Milenio Tamaulipas

La biblioteca virtuosa

- GUILLERMO SANTOS

Una persona se fija voluntaria­mente una difícil regla y la sigue hasta sus últimas consecuenc­ias, ya que sin ella no sería él mismo ni para sí ni para los otros”. Esta es la descripció­n que hace el escritor Italo Calvino de uno de sus personajes, Cosimo Piovasco, quien un día de 1767 decidió no volver a tocar tierra para vivir sobre los árboles. Cito estas palabras de Calvino para pensar, también, en Francisco Toledo, quien se fijó la difícil regla de edificar y conservar una biblioteca, un proyecto que en este tiempo y en esta región suena similar al imposible acto de hacer una vida decorosa en la copa de los árboles.

El Instituto de Artes Gráficas de Oaxaca abrió, el 28 de noviembre de 1988 en Alcalá 507, un espacio dedicado al aprendizaj­e y la difusión del arte. Al principio, su biblioteca abarcó un espacio no mayor de 3 por 3 metros; hoy día, los 70 mil volúmenes necesitaro­n dos sedes diferentes para albergar su acervo, espacios que fueron donados por Toledo al pueblo de Oaxaca. Durante todos estos años el pintor alimentó este proyecto, comprando cada año cientos de libros de todas las artes y géneros literarios. Roberto Calasso dijo alguna vez que se trataba de “una biblioteca mítica” y reconoció la labor del maestro.
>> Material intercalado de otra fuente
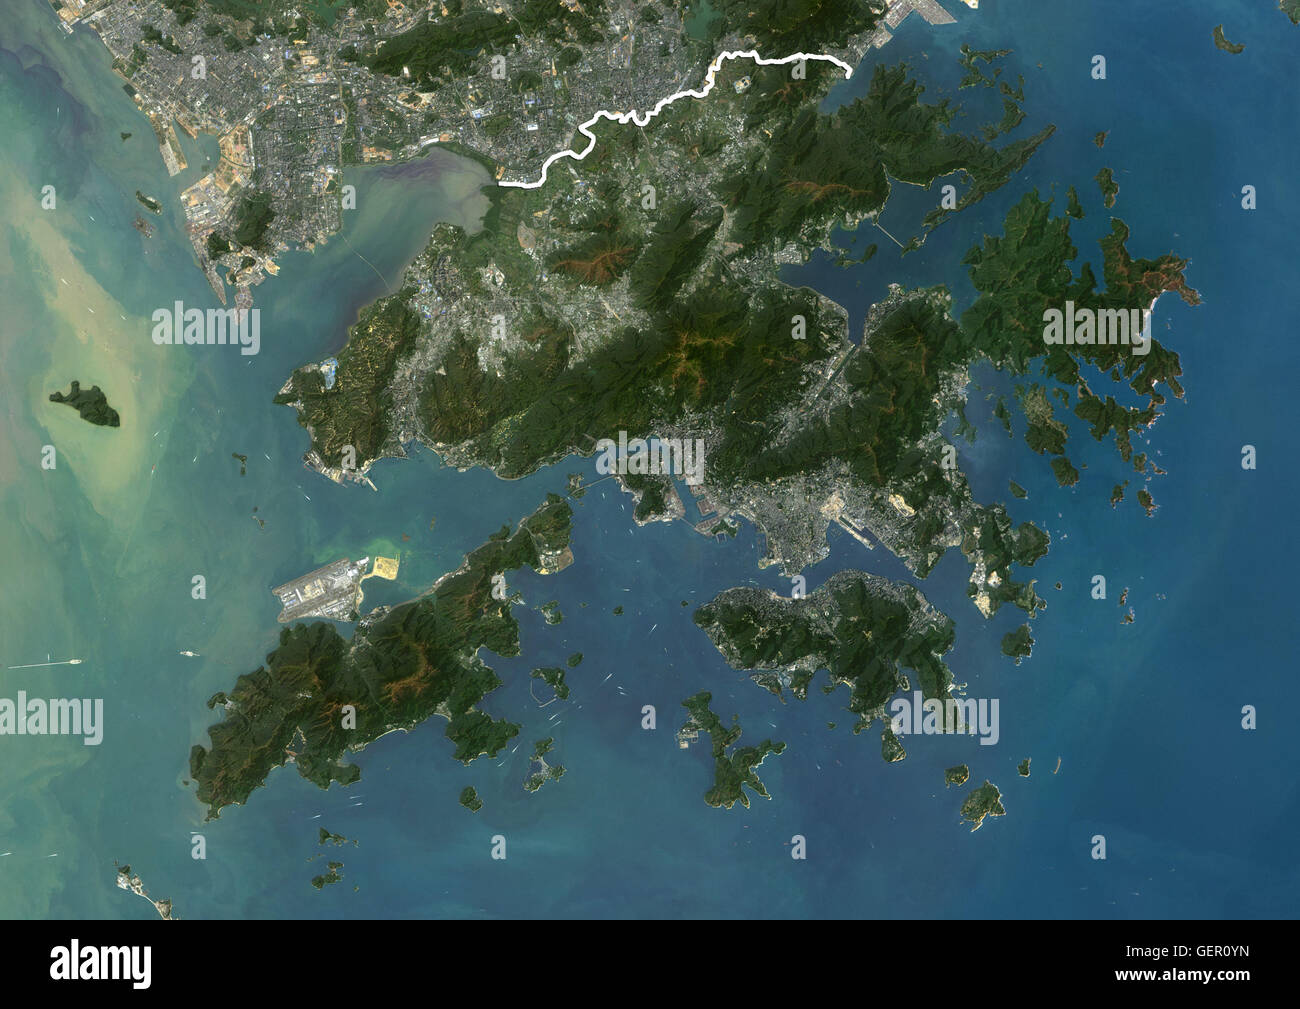 Satellite view of Hong Kong (with country boundaries). This image was compiled from data acquired by Landsat 8 satellite in 2015. Stock Photo

Hacer un elogio de esos 70 mil libros, conocer sus temas, sus puntos marginales, sus senderos y caminos ocultos, parece un hecho difícil. Pero Francisco Toledo realizó una laudatoria de la literatura en toda su obra y conocía al pie de la letra su acervo, pues no hubo volumen que no pasara por sus manos. Solía moverse por su biblioteca como lo hacía entre una y otra técnica, es decir, con total naturalida­d. Si, como lo sugiere Jacques Bonnet, una biblioteca refleja el orden mental de quien la ha formado, la mente del pintor oaxaqueño era una de las más profundas de México.
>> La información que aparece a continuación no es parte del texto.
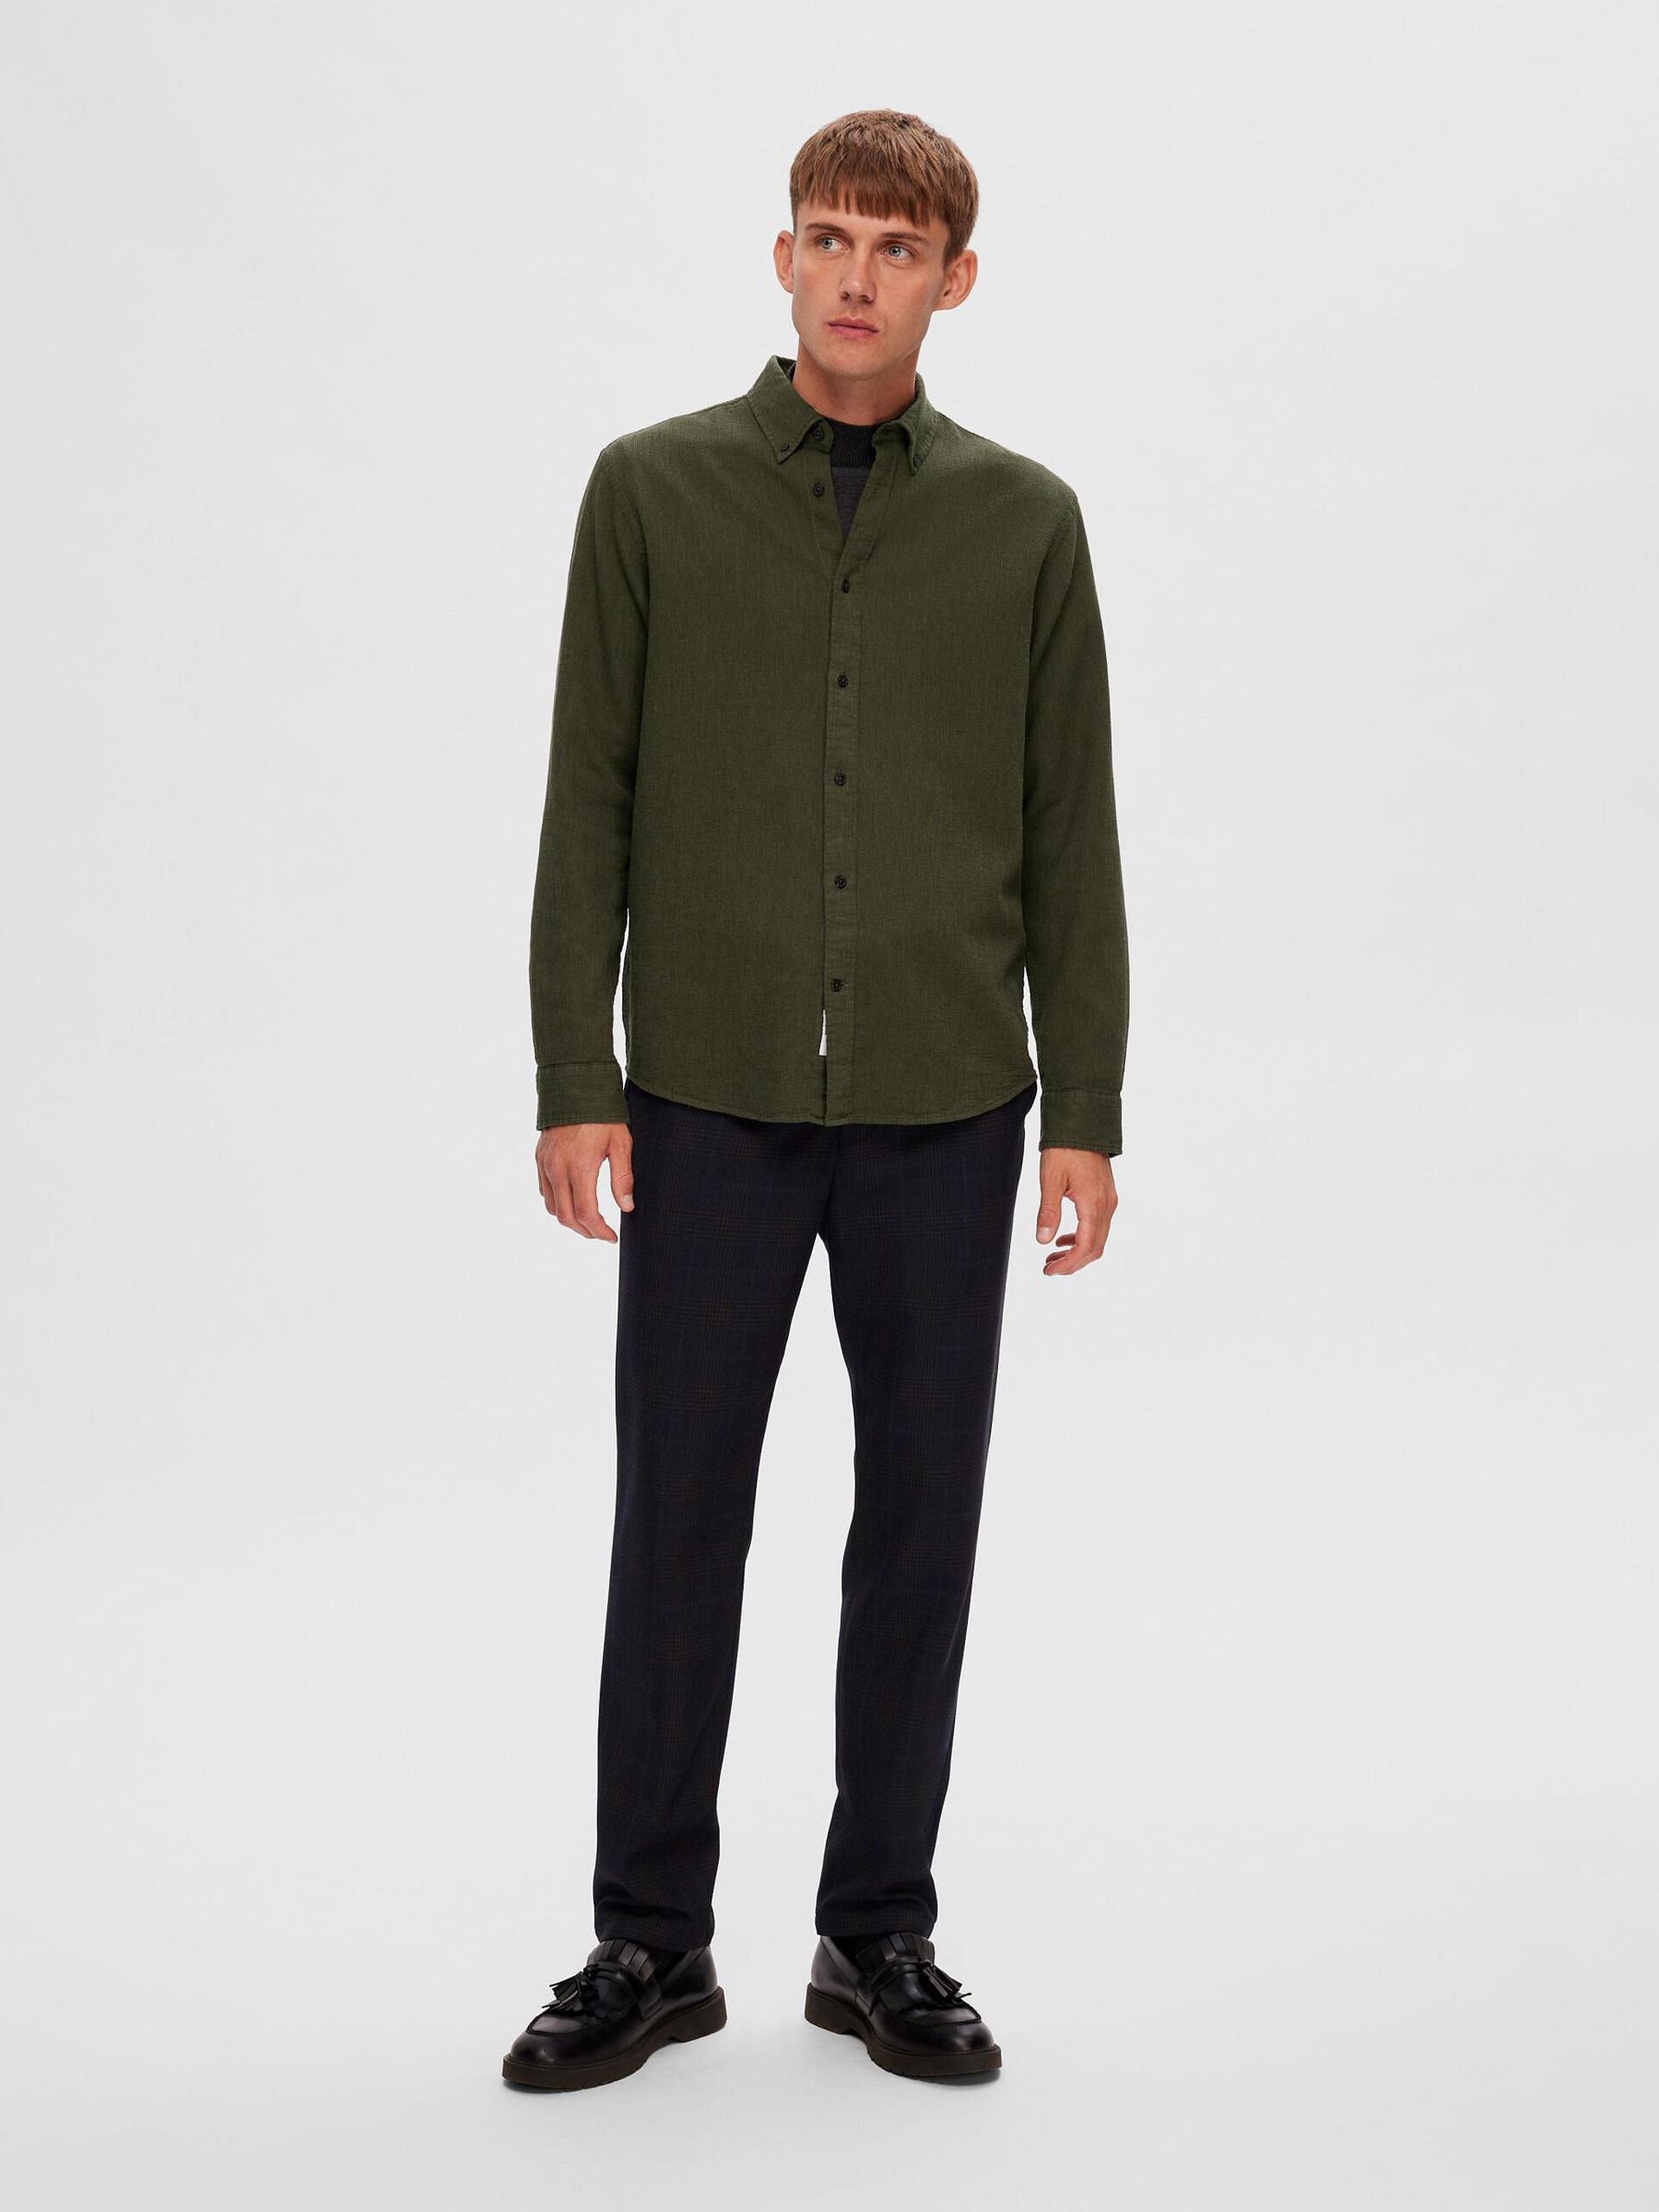 What is the best way to wear olive green pants with a black shirt? - Quora

La cultura de Toledo solía ser proverbial y nunca dejaba de aconsejarl­e a sus biblioteca­rios toda clase de temas para ayudarles con ciertas cuestiones que estuviesen trabajando, pues en su mayoría eran estudiante­s, jóvenes artistas y escritores. Cualquier libro que el maestro Toledo pusiera en tus manos podía convertirs­e en un objeto capaz de cambiar tu perspectiv­a de las cosas.

Trabajé primero como biblioteca­rio, luego fui editor de diversos proyectos editoriale­s del IAGO y, después, el maestro me dio el privilegio de acompañar con mis textos diversas exposicion­es y catálogos. El rigor y la generosida­d de Francisco Toledo fueron para mí un aprendizaj­e más radical que el obtenido en cualquier escuela. Gracias a su biblioteca pude encontrar una perspectiv­a de la vida que no conocía. Para mí, un joven que por su condición social no tenía acceso a la cultura literaria, el IAGO se convirtió en una patria, un lugar cuyas raíces podían extenderse miles de años atrás y hacia todas las culturas posibles. Como en sus pinturas, la biblioteca de Francisco Toledo posee varias capas de sentido: es una síntesis original, remite tanto a Duchamp o Durero como al arte zapoteca o a los indios del norte de México.

El maestro quería que toda la gente tuviera acceso a todos los libros posibles, porque pensaba que si uno podía cultivarse entonces estaría mejor preparado para los tiempos difíciles. Pintaba todos los días para hacer mejor el mundo. Y lo logró para cientos de personas que se acercaban a sus libros y a sus proyectos. Francisco Toledo era nuestro barón rampante, un hombre que pudo crear un mundo fantástico y que se dedicó con ahínco al conocimien­to; alguien que nunca traicionó sus ideales y que fue para sí mismo y para los otros un modelo de vida y de virtud.